§ **WHAT YOU HAVE TO DO**:
Transcribe the listing that follows in full, omitting pictures.

§ **INPUT DATA**:
● ● ● ● ●
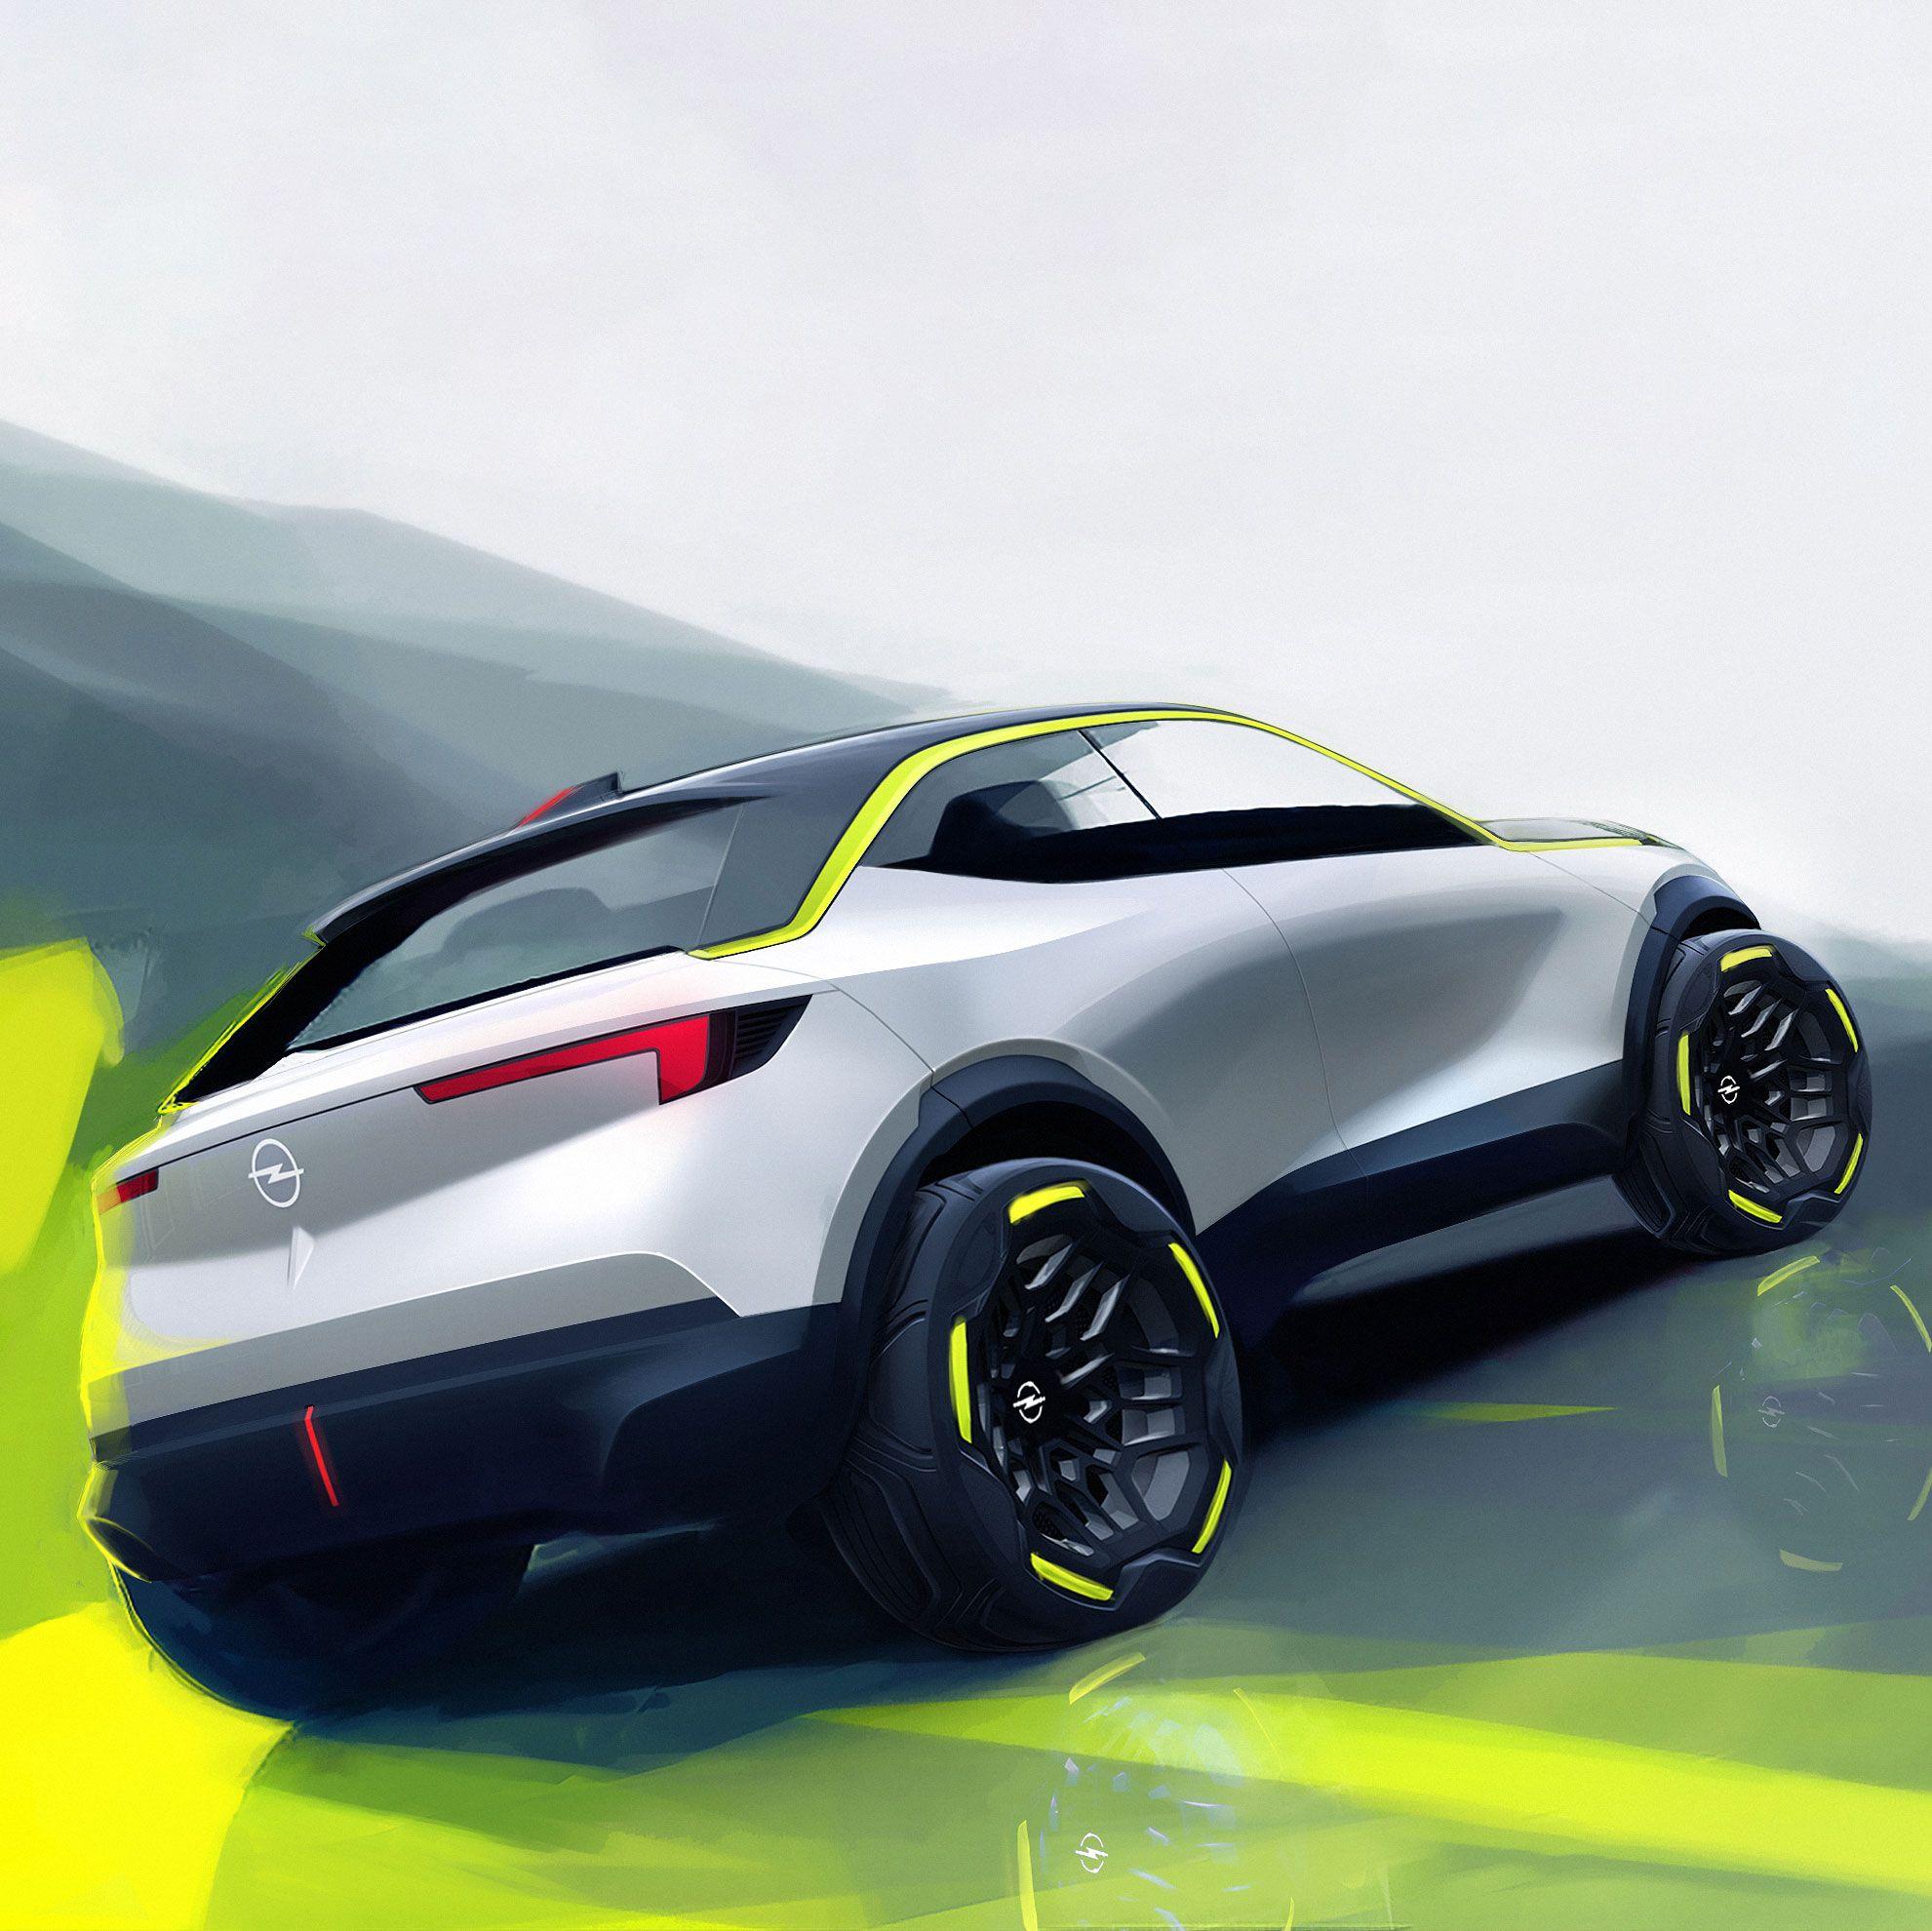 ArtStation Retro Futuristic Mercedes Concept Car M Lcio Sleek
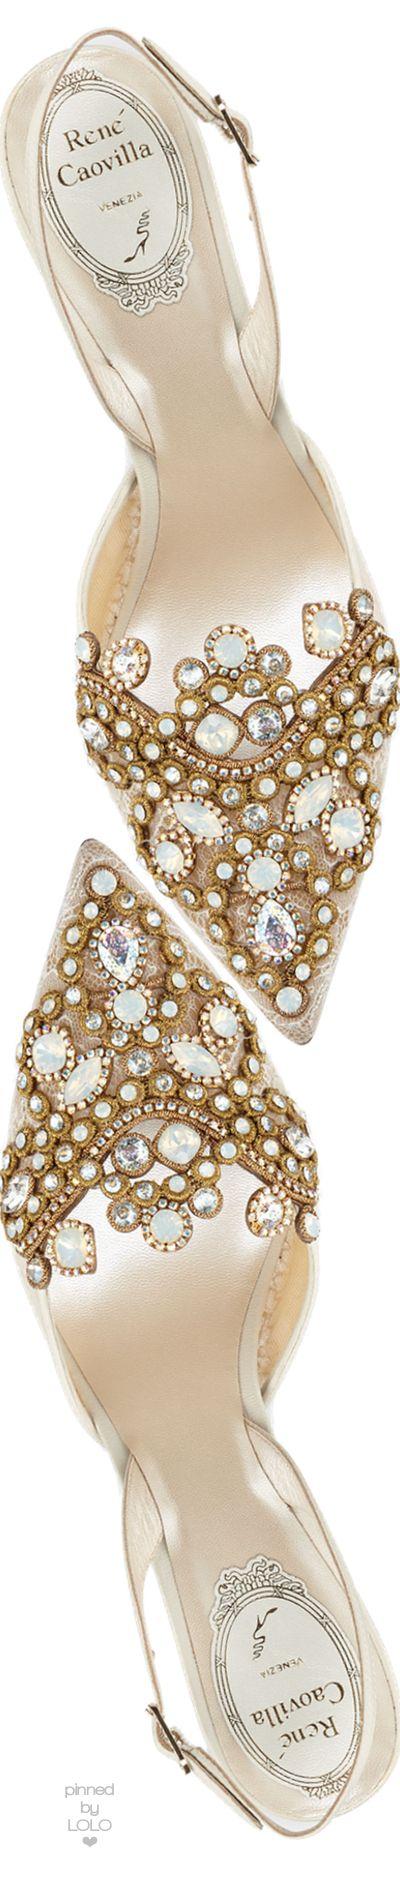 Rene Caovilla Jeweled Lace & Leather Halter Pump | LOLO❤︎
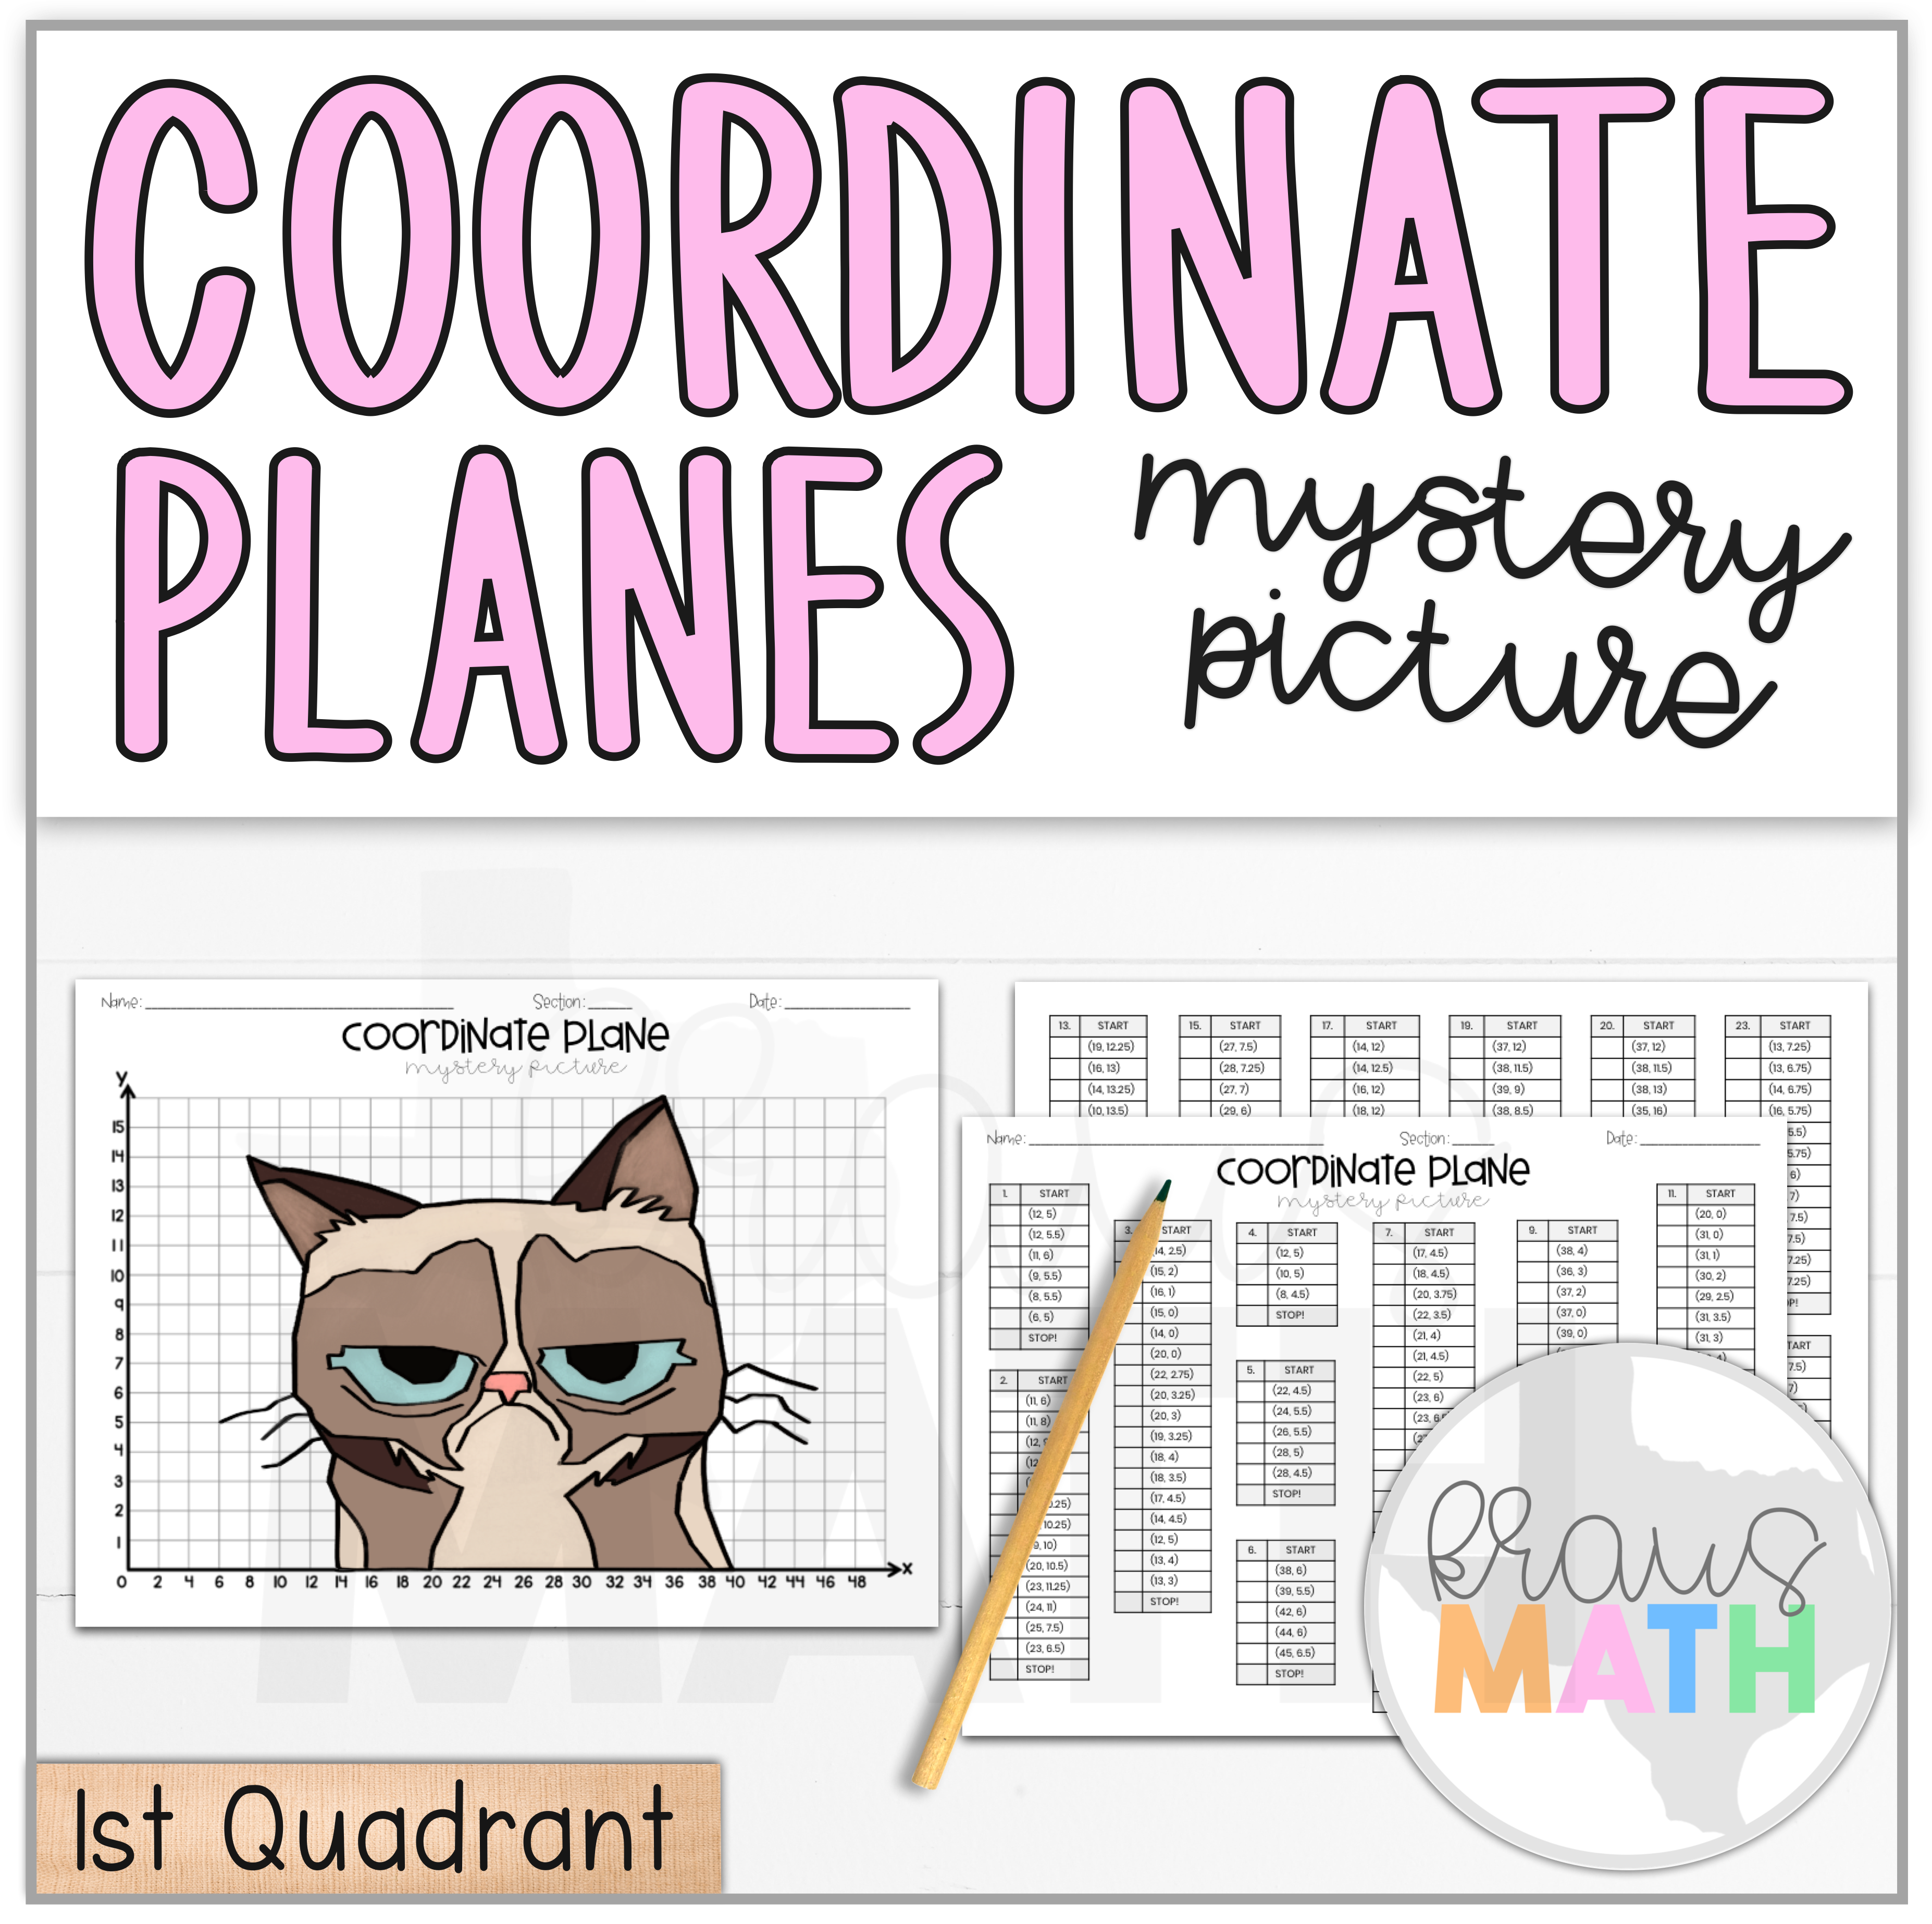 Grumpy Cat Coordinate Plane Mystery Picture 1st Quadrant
● ● ● ● ●
§ **WRITTEN ANSWER**:
 ArtStation Retro Futuristic Mercedes Concept Car M Lcio Sleek
 Rene Caovilla Jeweled Lace & Leather Halter Pump | LOLO❤︎
 Grumpy Cat Coordinate Plane Mystery Picture 1st Quadrant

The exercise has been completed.